Cofactor characterization with HPLC

Reactions containing 0.4 mg of enzyme and 30 mM KOH in a total volume of 100 μl were allowed to incubate for 10 min at room temperature. The protein was denatured by the addition of 10% TFA until a visible precipitate was formed. The solution was centrifuged for 3 min (16,000g), and the resulting supernatant was filtered through a 0.45-μM membrane filter. Visualization of the cofactor content was performed using a HPLC 2-step isocratic method with a Luna C₁₈ (250 by 4.6 mm) column (Phenomenex) (16): 0 to 5 min 0.8 ml/min 100% buffer A (0.06% TFA), 5 to 17 min 0.8 ml/min 97% buffer A and 3% buffer B (100% Methanol). Eluent was monitored at 305 nm using Shimadzu Lab Solutions software since that minimizes the background while showcasing clear and separated peaks of PLP and pyruvate–PLP adduct (16). Based on the retention time, coinjection of authentic compounds, UV-visible spectra, and verification in a previous study, the peak with the retention time of around 9.5 to 11.5 min was assigned as pyruvate–PLP (16).
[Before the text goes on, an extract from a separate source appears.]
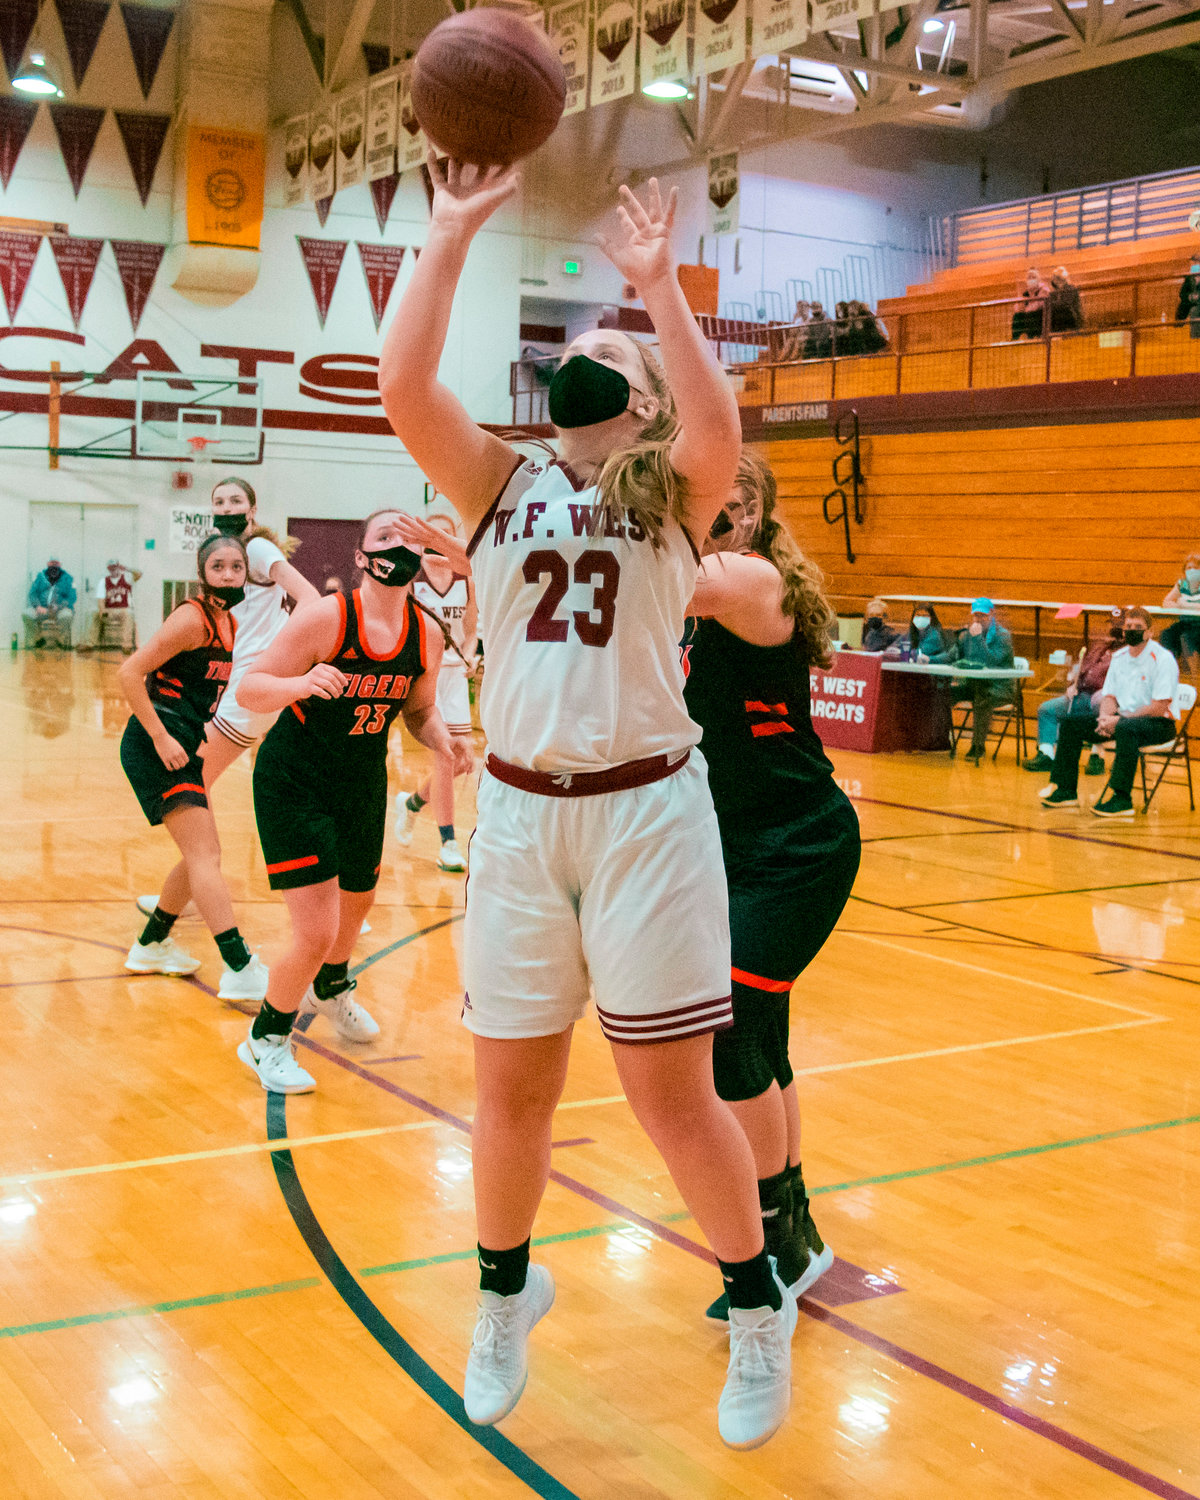 W.F. West’s Carlie Deskins (23) goes up with the ball during a game against the Tigers played Monday night in Chehalis.

In the case of cofactor extraction from IlvE proteins, the coinjection of authentic compounds as well as the UV-visible spectra determined that the first peak eluted is PLP while the second is PMP (Fig. S3).

Alr activity assay

Racemization of D-alanine to L-alanine by the purified protein was assayed by modifying a previously described protocol (46). Briefly, the assay mixture contained 50 mM glycine (pH 9), 1.2 mM NAD⁺, 20 mM D-alanine, 0.1 unit Bacillus subtilis L-alanine dehydrogenase (Sigma-Aldrich), and approximately 0.4 μg of Alr in a total volume of 105 μl. Reduction of NAD+ was monitored by the increase in absorbance at 340 nm. The extinction coefficient for NADH in 50 mM glycine (pH 9.0) was determined in the previous publication (16) (ε = 4000 absorbance units [AU] M⁻¹ cm⁻¹) and used to calculate the rate of L-alanine production. Reactions were performed at room temperature, and the specific activities are reported as μmol alanine per min per mg.

Data availability

The data that support the findings of this study are within the manuscript or in the supplementary material of this article, and additional information is available upon request from the authors.

Supporting information

This article contains supporting information (1).

Conflict of interest

The authors declare that they have no conflicts of interest with the contents of this article.

Acknowledgments

The authors thank Michael Paxhia and Jorge Escalante-Semerena for helpful discussions.

Author contributions

W. S., A. J. B., and D. M. D. investigation; W. S. formal analysis; W. S. validation; W. S., A. J. B., and D. M. D. methodology; W. S., A. J. B., and D. M. D. writing-review and editing; W. S. and D. M. D. visualization; A. J. B. and D. M. D. conceptualization; A. J. B. and D. M. D. writing-review and editing; D. M. D. resources; D. M. D. project administration; D. M. D. funding acquisition; D. M. D. supervision.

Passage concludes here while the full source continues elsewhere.